AMO Pharma receives FDA Fast Track Status

AMO-02 (tideglusib), an inhibitor of glycogen synthase kinase 3 beta (GSK3beta), is currently undergoing Phase II safety testing in adolescents and adults with myotonic dystrophy. The form of the inherited defect, apparent at birth, is termed congenital DM1. It leads to weak muscle tone (hypotonia), an inward- and upward-turning foot, breathing problems, delayed development, and intellectual disability in newborns.

Myotonic dystrophy, the most common form of muscular dystrophy, is caused by a mutation in the dystrophia myotonica protein kinase (DMPK) gene that results in an expanded CTG triple (trinucleoide) repeat. The severity of the condition varies with the number of these repeats. The usual form of the DMPK gene has five to 30 repeat copies. Mildly affected individuals have from 50 to 80 repeats and children with the severe congenital form of the condition have 2,000 or more copies of the repeat. The mutant DMPK mRNA transcripts containing the repeats change the regulation and activity of RNA binding proteins, such as CUG-binding protein 1 (CUBP1), in the affected cells, leading to the DM1 pathology.

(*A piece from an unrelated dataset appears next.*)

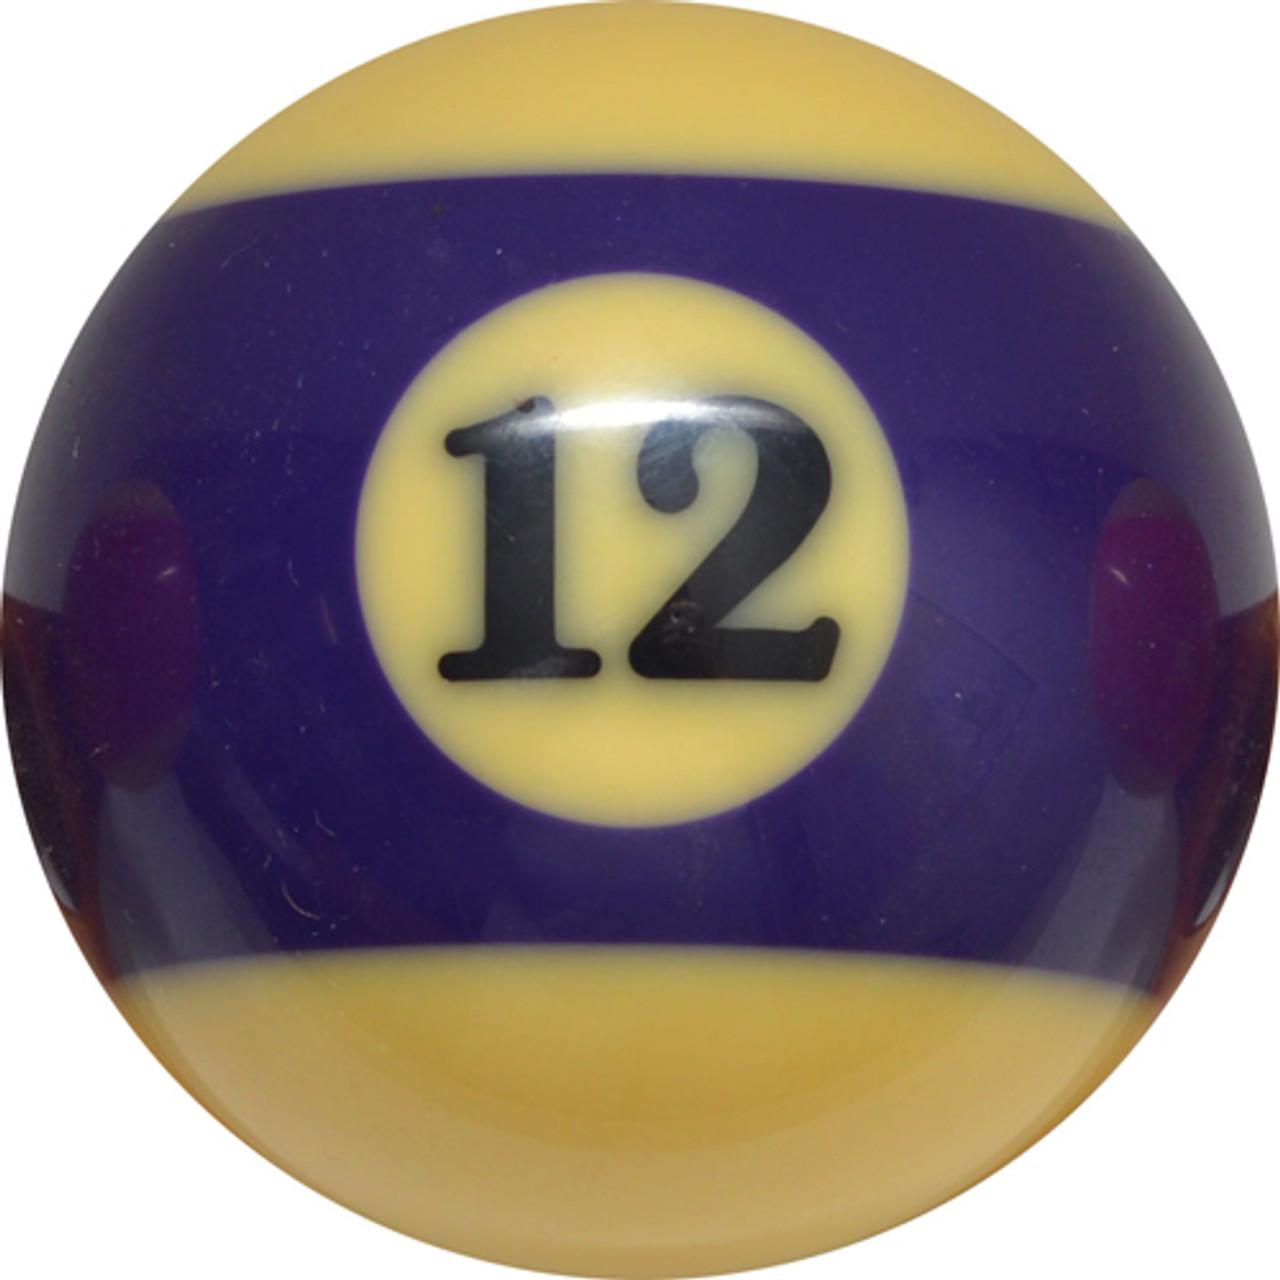 Super Aramith Pro Replacement Ball #12

In cellular and animal models of congenital DM1 and Duchenne muscular dystrophy, as well as in muscle biopsies from patients, activity of GSK3beta is increased. Inhibitors of the enzyme have been shown to correct the activity of RNA binding proteins, such as CUGBP1, in animal models of DM1. AMO-02 has shown pre-clinical efficacy in transgenic animals and reversal of muscle cell differentiation deficits in ex vivo tissue samples derived from patients with congenital DM1.

“Our ongoing phase 2 clinical trial for AMO-02 in the UK is the first sponsor-led clinical study in the treatment of congenital myotonic dystrophy and represents a historic milestone in research and a new era of hope for patients and their families affected by this serious condition,” said AMO Pharma’s CEO and co-founder, Mike Snape.